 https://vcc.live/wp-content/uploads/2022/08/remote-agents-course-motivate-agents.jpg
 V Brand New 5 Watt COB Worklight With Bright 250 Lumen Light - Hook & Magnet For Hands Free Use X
:::::
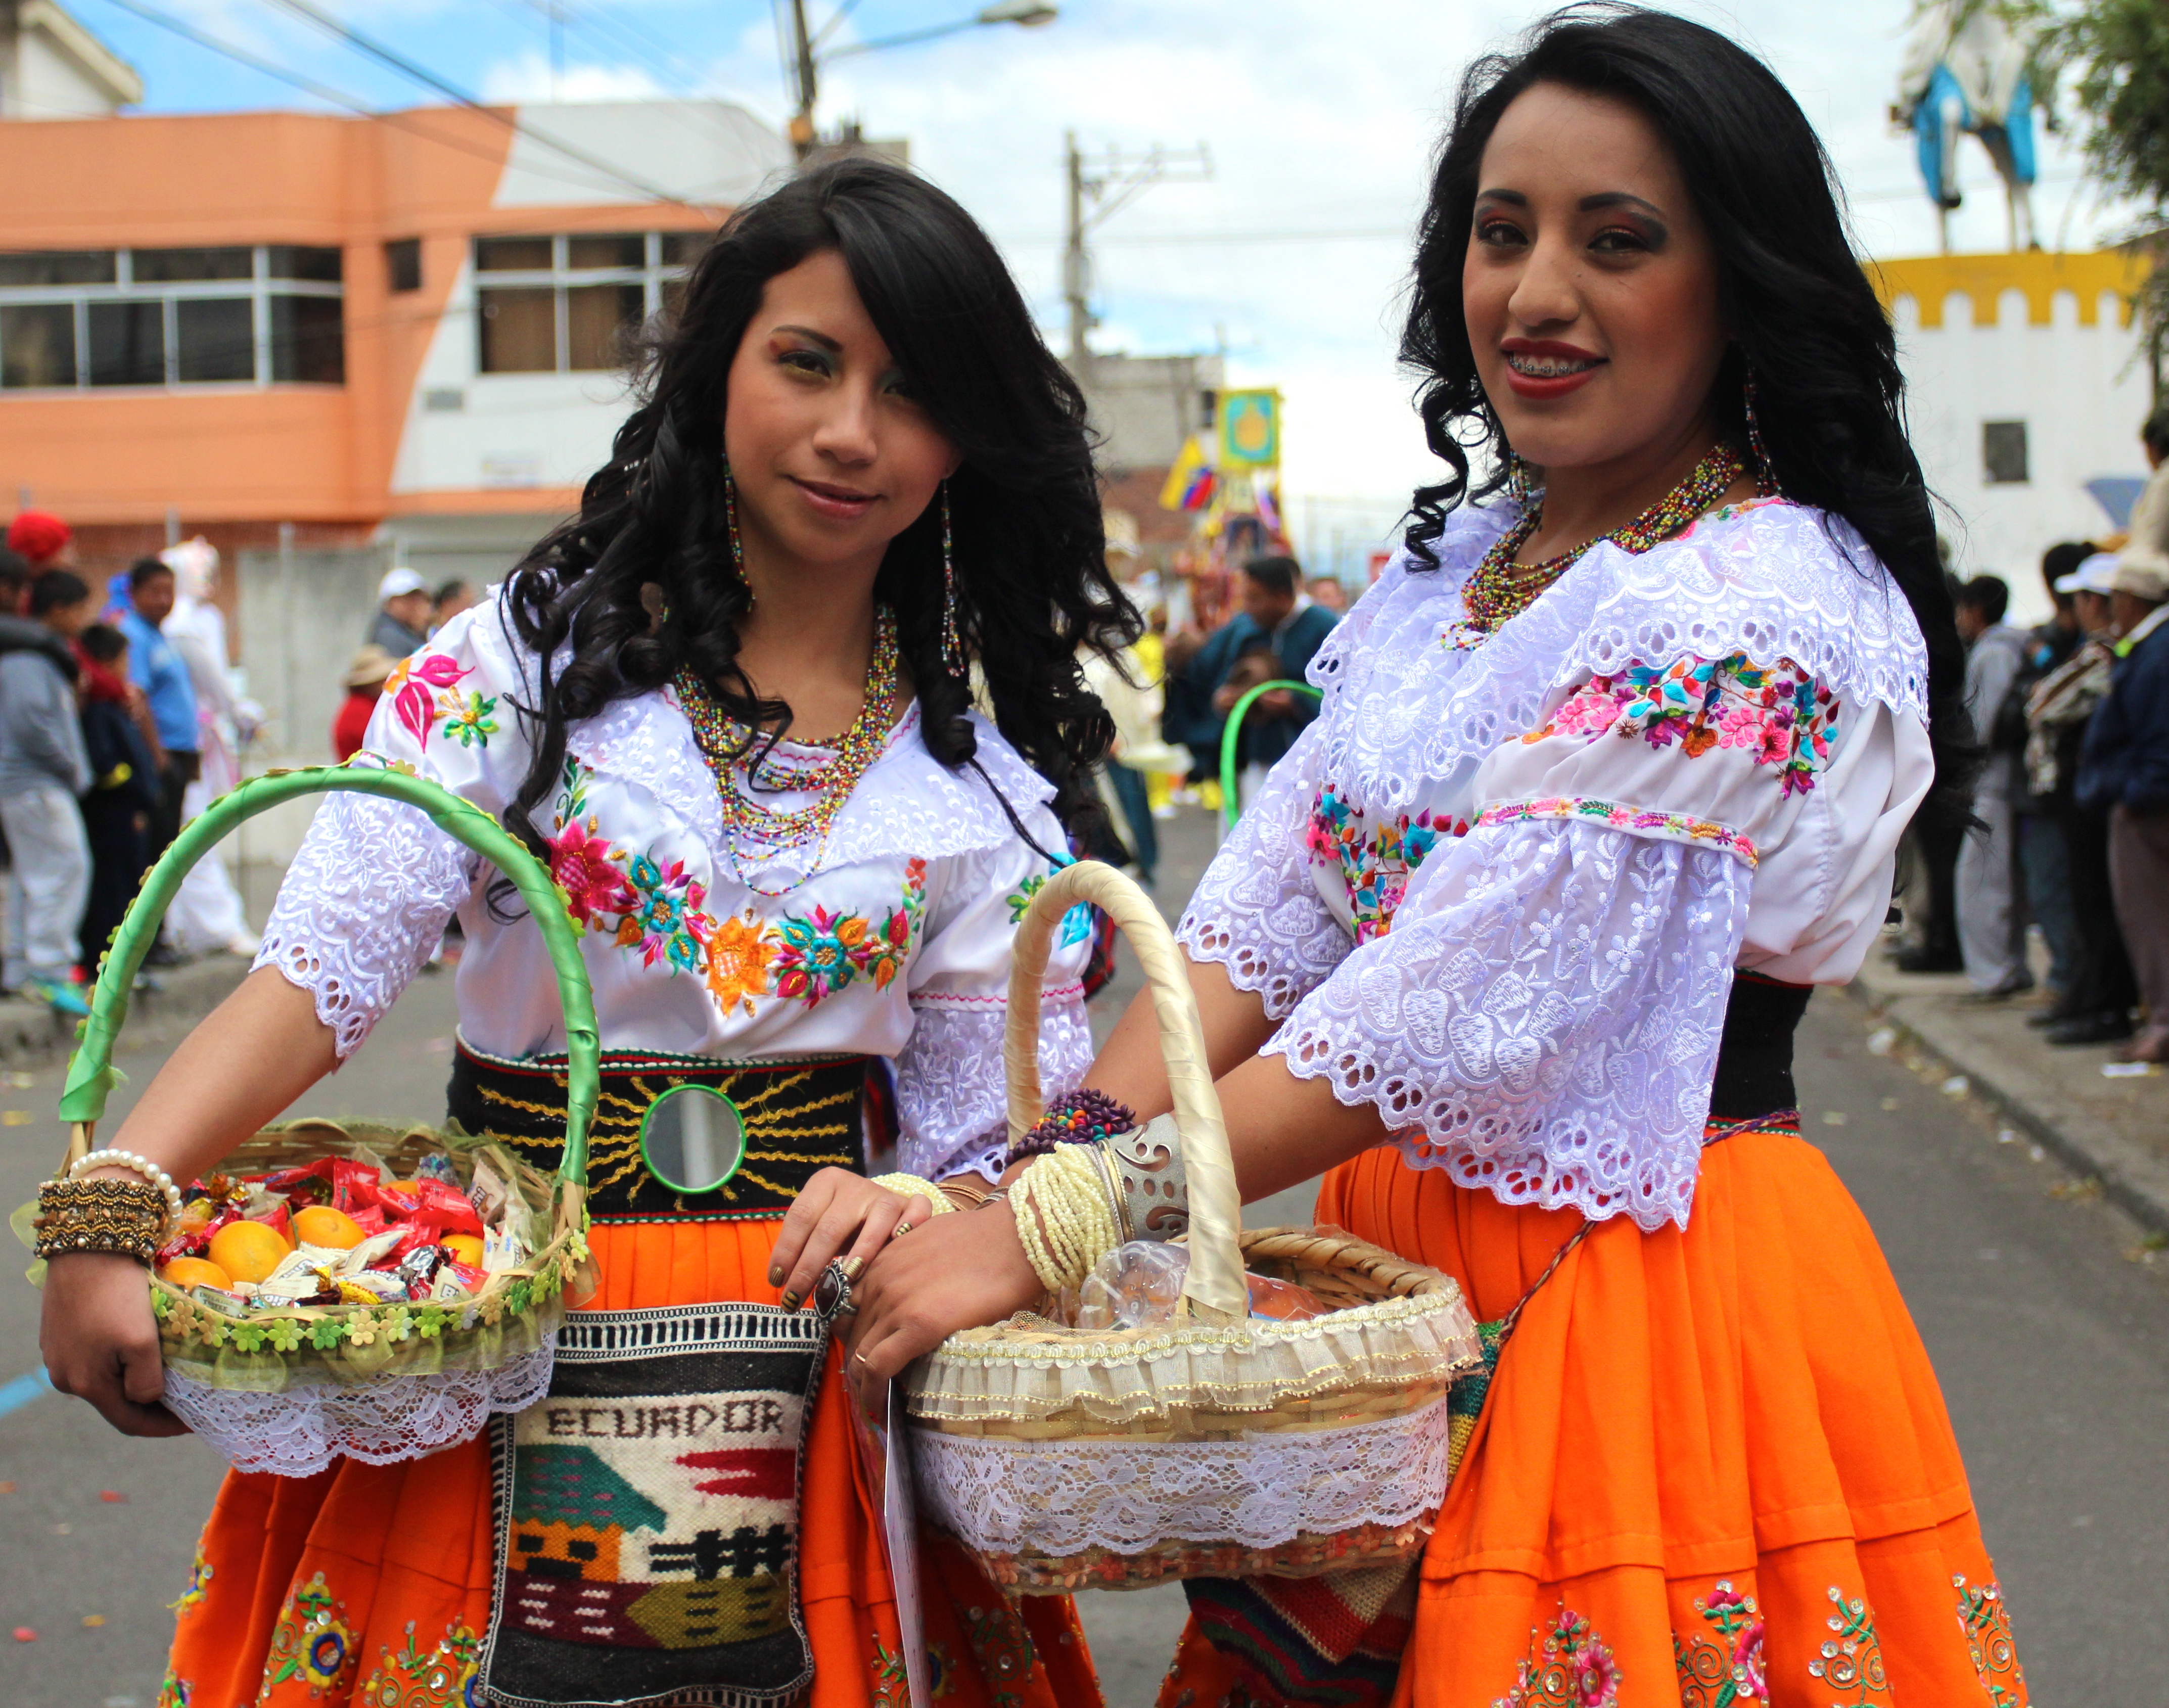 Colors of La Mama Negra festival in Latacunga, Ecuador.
:::::
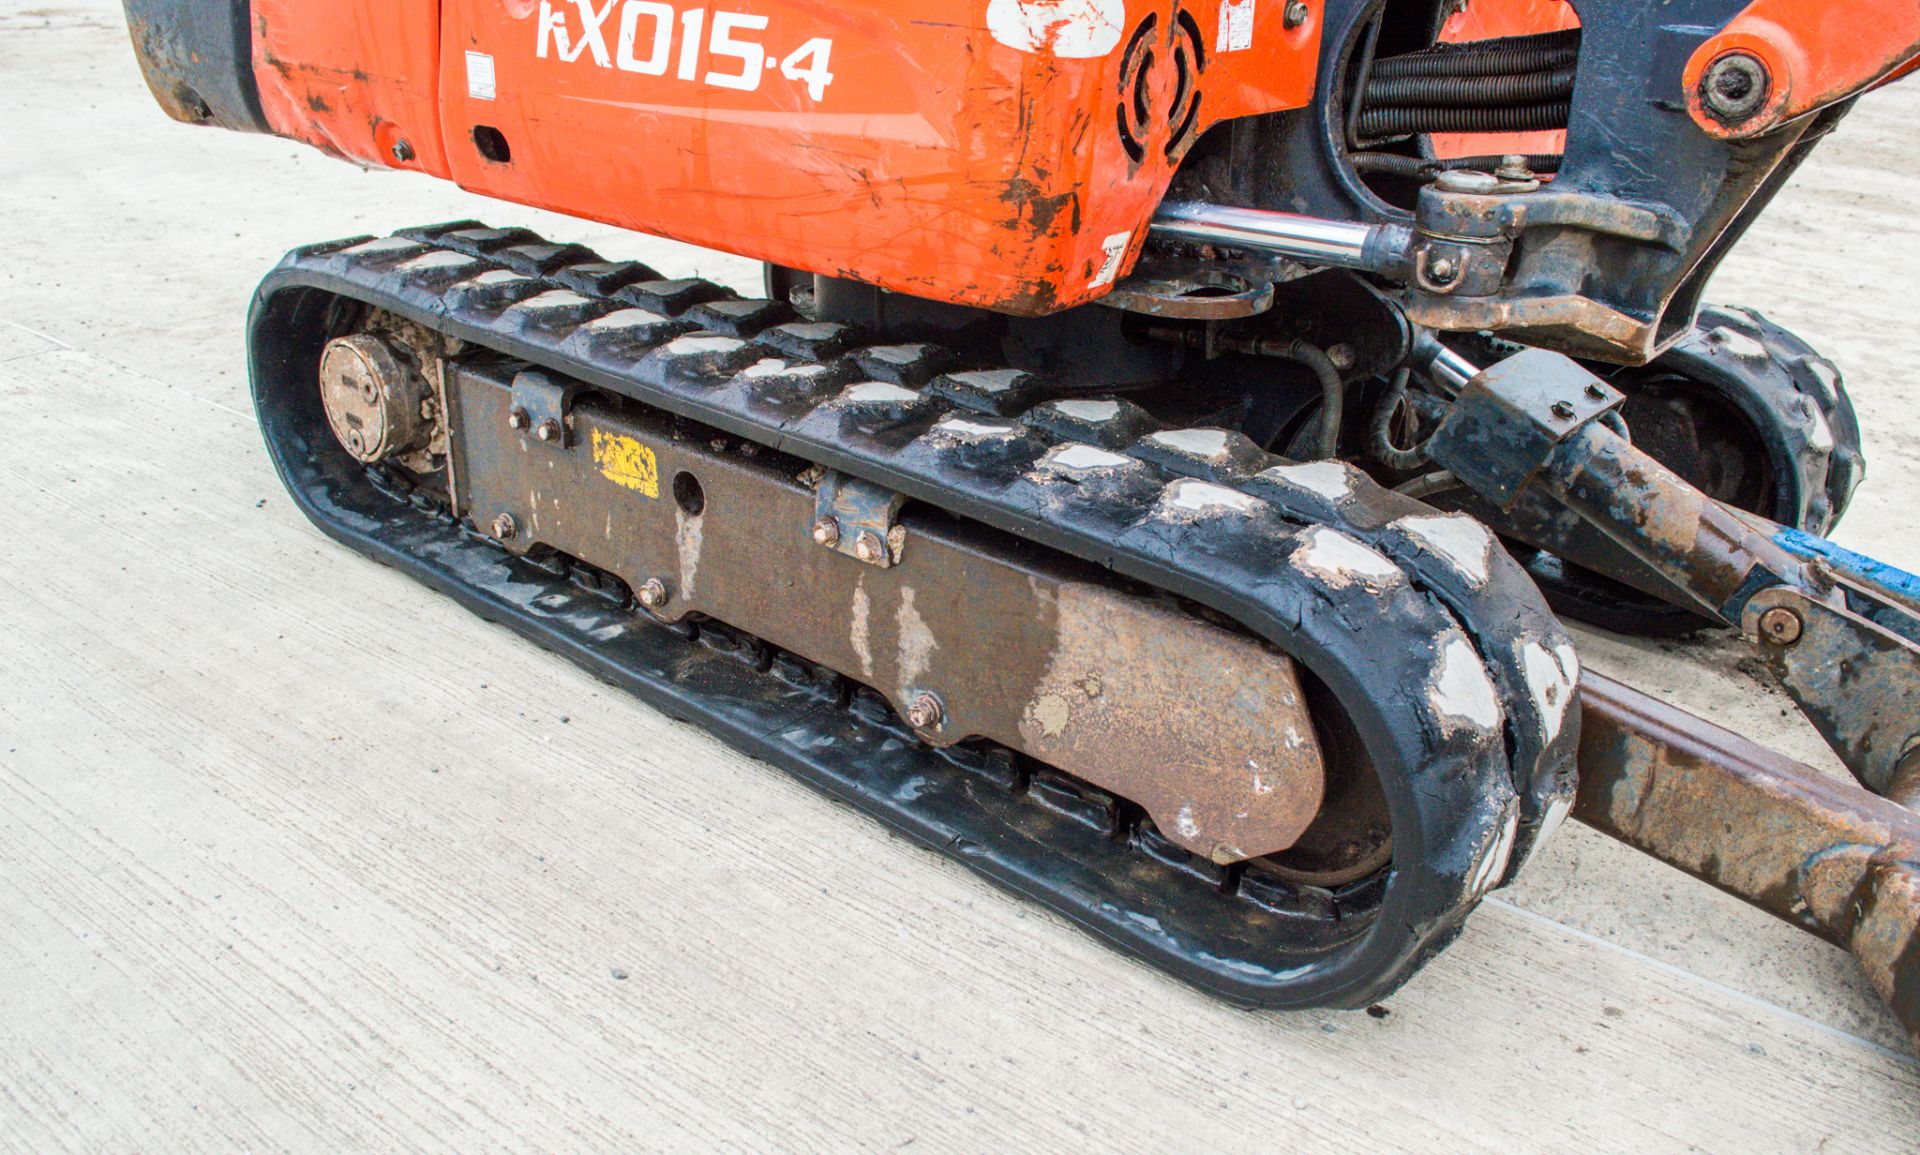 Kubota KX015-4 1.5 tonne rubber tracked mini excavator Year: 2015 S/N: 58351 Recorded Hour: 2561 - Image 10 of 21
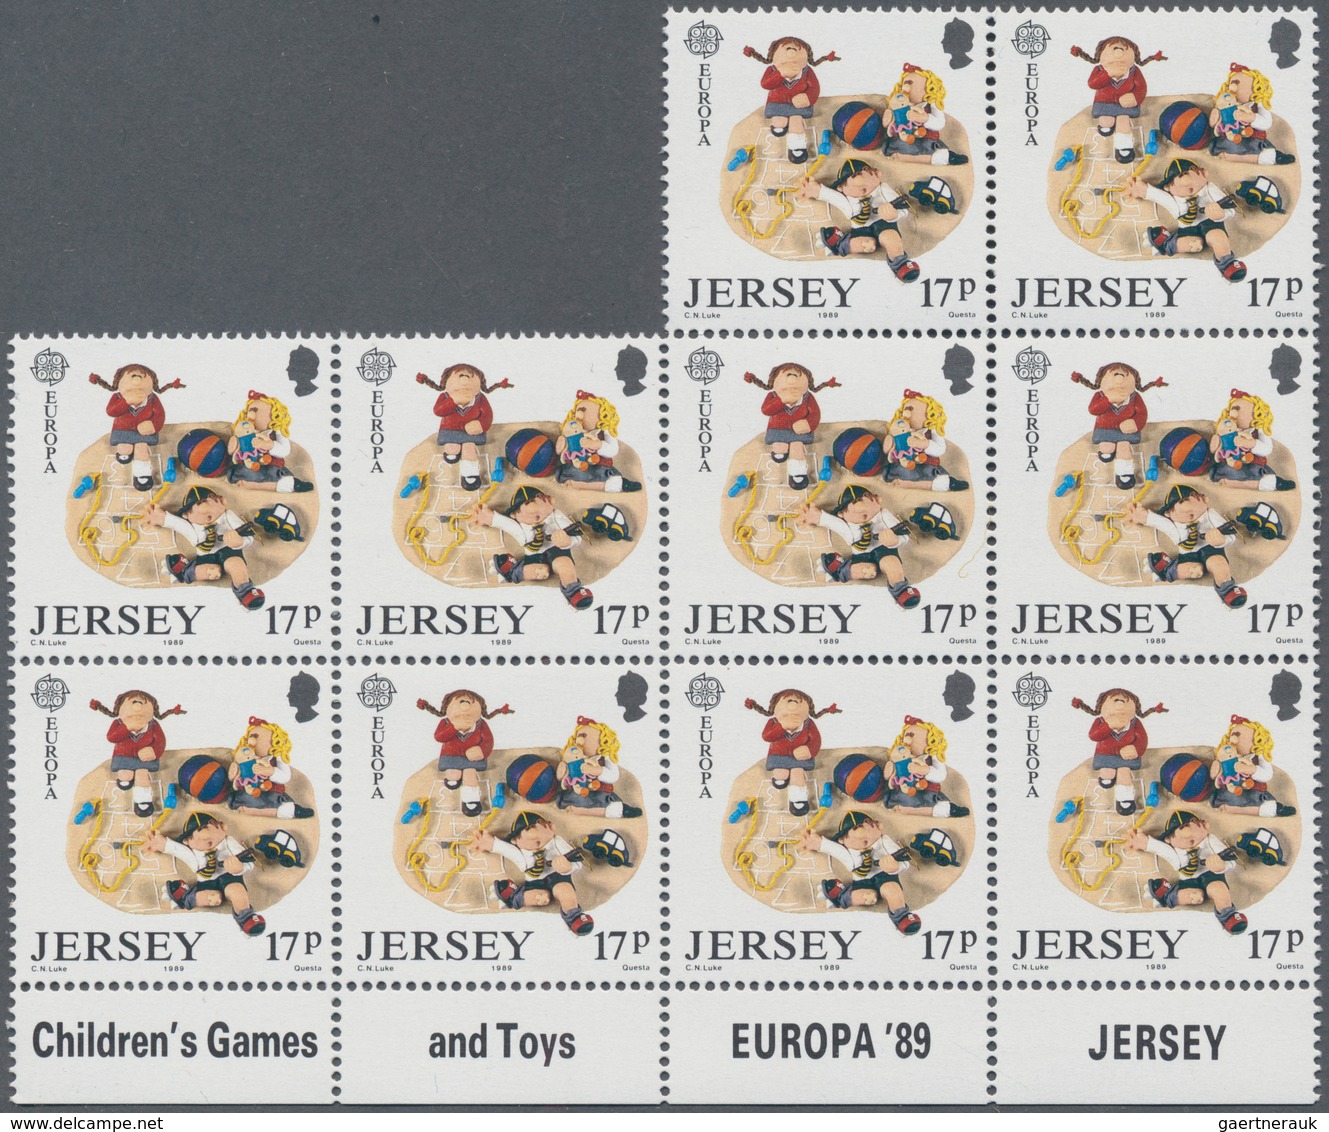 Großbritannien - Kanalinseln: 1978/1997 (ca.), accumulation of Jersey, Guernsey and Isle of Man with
:::::
Out of the records above, please copy exactly the lines from the line with "Kubota KX015-4 1.5" up to and including the line with "Großbritannien - Kanalinseln: 1978/1997", minus the pictures.

 Kubota KX015-4 1.5 tonne rubber tracked mini excavator Year: 2015 S/N: 58351 Recorded Hour: 2561 - Image 10 of 21
 Großbritannien - Kanalinseln: 1978/1997 (ca.), accumulation of Jersey, Guernsey and Isle of Man with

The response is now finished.